Edit the code cell below to compute the energy (using psi4.energy() funciton) for the different basis sets selected

basissets = ['6-31G', '6-311G', 'aug-cc-pvtz'] # these are the basis sets we are going to use

psi4.set_options({'reference':'UHF'}) # We are using Unrestriced Hartee Fock

for basis in basissets:
    psi4.core.set_output_file(f'{basis}-output.log', False) # save in seperate log files
    E = None    # EDIT HERE
                # we want to perform a single point energy calculation once per basis set

    print(basis, E)

Exercise 1

Include a table of the the calculated energies using the three different basis sets

Lets have a look at one of the outputs (e.g for the 6-31G basis). We can use the shell command !grep -options SEARCHTERM FILENAME for this. (Remember: The ! denotes that this is not a python command but a bash program.)

As the SCF procedure is iterative we can search for the word iter in the output. By including -A 1 -B 3 we get 1 line after the last find and 3 lines before the first find, which contain some helpful context to make sense of the results.

!grep -A 1 -B 3 iter 6-31G-output.log

Exercise 2

What is the meaning of the Delta E column? What is DIIS? (Hint: to get more details, it may help to check the HF page on psi4 manual)

Next, let’s plot the SCF convergence for the three tested basis sets. You can use a little helper function called psi4_read_scf which will read in the table shown above and return it to you as pandas dataframe that you can easily plot.

# Read in scf table like so:

# Syntax of psi4_read_scf function:
nameOfDataFrame = psi4_read_scf('nameOfOutputFile.log')

# to view the table you can simply type the name of the DataFrame, i.e.:
nameOfDataFrame

For the plotting we will use matplotlib. We will also include in the plot the exact value. As explained in the introduction, this was obtained with a post-Hartree Fock calculation, and its value for the H\(_2\) molecule is \(E_{exact} = -1.174474{}\) a.u.

In particular, we suggest you to produce two plots, one with the full set of points, and the other one excluding the first SCF iteration.
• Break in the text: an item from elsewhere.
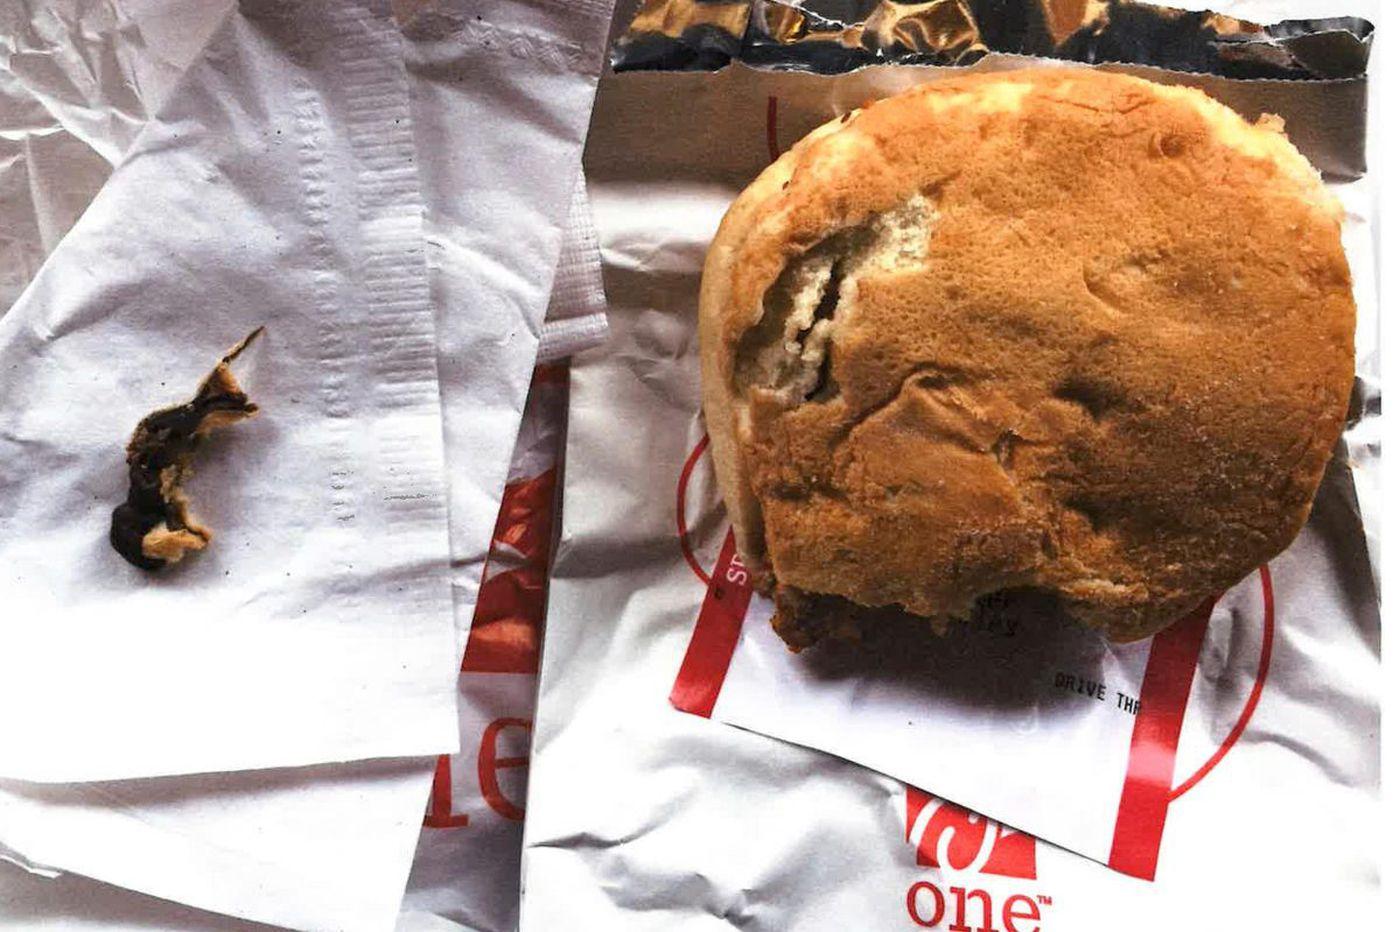 Bucks woman: Dead rodent baked into my Chick-fil-A sandwich

This can help you to appreciate the differences between the three basis sets. In the cell code below, we already set both subplots. Edit the code in order to plot the results for the three basis sets.

# Subplot 1: full data and exact value reference
fig, (ax1, ax2) = plt.subplots(1, 2, figsize=(14,7)) # create figure with two subplots
fig.tight_layout(pad=7.0) # add spacing between supblots 

# we use the table index and the Total Energy column for plotting
# repeat the following command once per basis set to have all on the same plot
ax1.plot(nameOfDataFrame.index, nameOfDataFrame['Total Energy'], '.-', label='label') 

ax1.set_xlabel('SCF Iteration') # set axis labels and title
ax1.set_ylabel('E [a.u]')
ax1.set_title('SCF convergence')

ax1.axhline(-1.174474, label='Exact value', linestyle='--', color='gray') # horizontal line for the exact energy

ax1.legend() # show legend

# Subplot 2: excluding first SCF point to focus on the difference along SCF cycles
# you can exclud the first point of an array just by [1:]. This will select all point from 1 (so excluding 0) to the end
# example: array DATA --> DATA[1:]
# repeat the following command once per basis set to have all on the same plot
ax2.plot(nameOfDataFrame.index[1:], nameOfDataFrame['Total Energy'][1:], '.-', label='label') 

ax2.set_xlabel('SCF Iteration') # set axis labels
ax2.set_ylabel('E [a.u]')
ax2.set_title('SCF convergence - restricted range')

ax2.legend() # show legend
plt.show()

Exercise 3

How does the basis set size influence the SCF convergence behaviour? Include in your report the plot of the energy convergence along SCF iterations.